Alexis Grant holds an M. Sc in Speech and Language Processing from the University of Edinburgh and is an active transportation advocate in Portland, Oregon. She enjoys shaping and interpreting complex systems for the benefit of their users and riding her bike around Portland. You can find her on Twitter @lyspeth.
Should the goal of US Federal transit spending be the redistribution of wealth?
The Transport Politic’s Yonah Freemark recently examined data from the 65 largest American metropolitan areas to provide a deeper look at his assertion that local funding for transit operations tends to depend on local income rather than on ‘need’, magnifying “seriously inequitable outcomes”:
The data demonstrate that increasing local and state transit operations spending is closely correlated with metro area median household income. This is not the case for federal aid, as minimal as it is. In addition, though cities and states with more progressive electoral tendencies appear to be able to increase local funding for transit operations, that contribution may be significantly limited by the incomes of local inhabitants.

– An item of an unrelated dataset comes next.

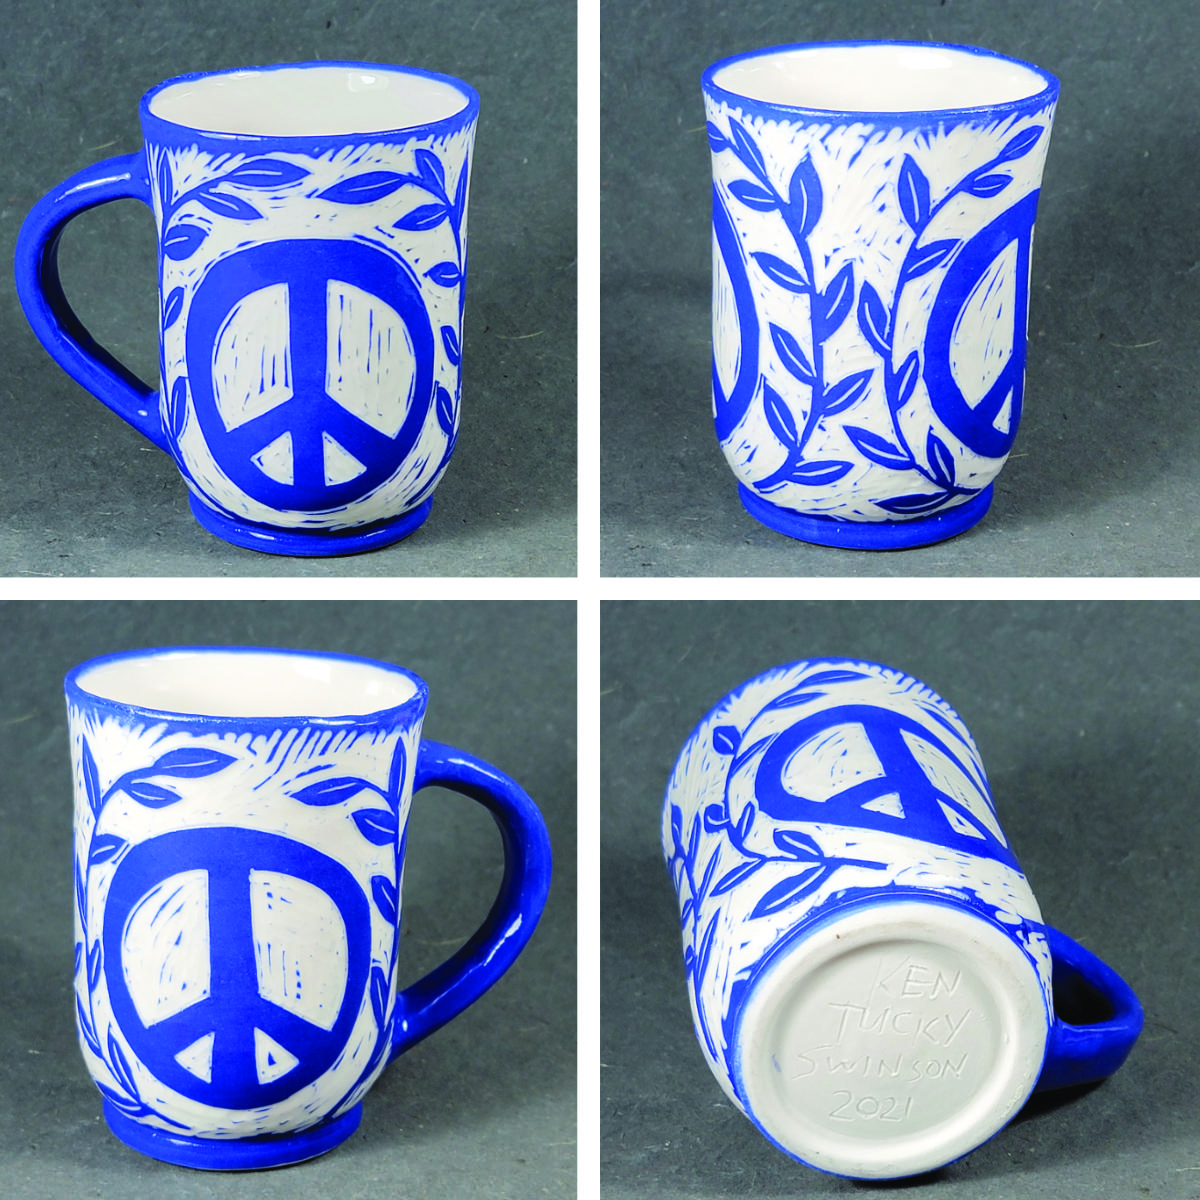 folk art style porcelain mug with peace symbol

Freemark argues that this is problematic: “Since public transportation is a vital social service, this has the perverse impact of providing the least support to the regions that likely need it most."
When I first read this line, I paused over “vital social service”, wondering whether he meant “vital public service”, but the article as well as his prior coverage of the topic makes clear that he meant just what he said: here, transit is being depicted as a social service provided to people who can’t afford other ways of getting mobility:
If public transportation is an essential social service — almost as important to our society as Medicare or Medicaid or Social Security (that is what we think, right?) — then how is it fair for the people who live in the poorest metropolitan areas to suffer from inadequate transportation services?
Freemark seems to be advocating here for addressing a perceived inequity that relates to only one of the two common goals of transit: what Jarrett Walker calls the Coverage Goal (Human Transit, Chapter 10).
The Coverage Goal reflects the “social service objective” that Freemark is appealing to, “meeting the needs of people who are especially reliant on transit”, in this case primarily due to lack of wealth, or poverty. When aiming for high coverage, agencies provide service broadly, including to those who may be difficult to serve because of poor connectivity or low density but also need the service more.
The other major goal, the Ridership Goal, reflects the desire to provide efficient and effective service by serving the most people at the least cost. Services oriented to the Ridership Goal focus on important destinations and corridors and may separate services or stops by larger distances to speed travel and avoid overspending on overlapping service.
While Walker discusses the Ridership-Coverage tradeoff mostly in the context of local decision-making, the same idea can be applied to state or federal funding. Federal funding can pursue an ideal of maximum ridership; that would mean lots of money for big cities, where ridership potential is high, and none for Wyoming. Or, it can focus on spreading out the resource, pursuing a Coverage goal, based either on a political ideal of equity or, as Freemark proposes, an explicitly redistributive view that spends more in poorer communities.
Freemark positions his work in contrast to academics and commentators profiled by Eric Jaffe at The Atlantic, who argue “too many projects...are poorly designed or executed, in part because of federal sway”. He pictures the redistributive power of the federal government as a positive force necessary to overcome the inability of some local governments to raise the amount of funds their areas ‘need’ to meet their presumed Coverage goals. Yet his vision of how this would make for “better projects” only asserts that it would be more fair.
Cities, left to their own devices, will restrict funding on transit operations based on the income of their inhabitants, not based on need. It is not rational that the state and local funding for transit in San Jose is more than six times higher than that in Fresno, just 150 miles apart, much because of the latter’s significantly lower household incomes and more Republican voting tendencies. Fresno, after all, has more than double the poverty rate of San Jose and thus has a significant transit-dependent population that is not being appropriately served....
To dismiss the federal government’s role is to ignore its important redistributive powers — its ability to transfer tax revenues from wealthier regions to poorer ones to help contribute to a more just society.
Coverage and equity goals tend to be in tension with ridership and mode-share goals, and by focusing solely on the coverage side of the equation, Freemark provides an incomplete picture of what the role of federal funding could or should be. Do all communities have the same goals for their transit systems, and do they want to serve the same populations? Should they? An equally good argument can be made that limited federal dollars should be spent on providing service that reaches the most people for the least amount of money. That, too, could be called fair.
In his transit planning outreach, Walker “emphasize[s] how the geography of transit generates choices among competing values, which is why citizens and their elected officials ultimately need to make the decision.” What kind of transit to fund, and how much money to devote to it, is not merely a question of the availability of money, but also a value judgment, one that the local area has to make for itself. A more conservative community’s funding choices may be in part a reflection of their values, just as their voting behavior is.
Federal funding for transit operations could provide a valuable resource for local governments that would like to do more, but can’t afford to. But Federal funding also relies on evidence of local financial support or “match.” Local government must decide whether it would like to fund additional transit, and if so, what the goal of that transit should be. In discussing the role of federal funding, no one is well served by assuming all cities would make that decision with the same goals in mind.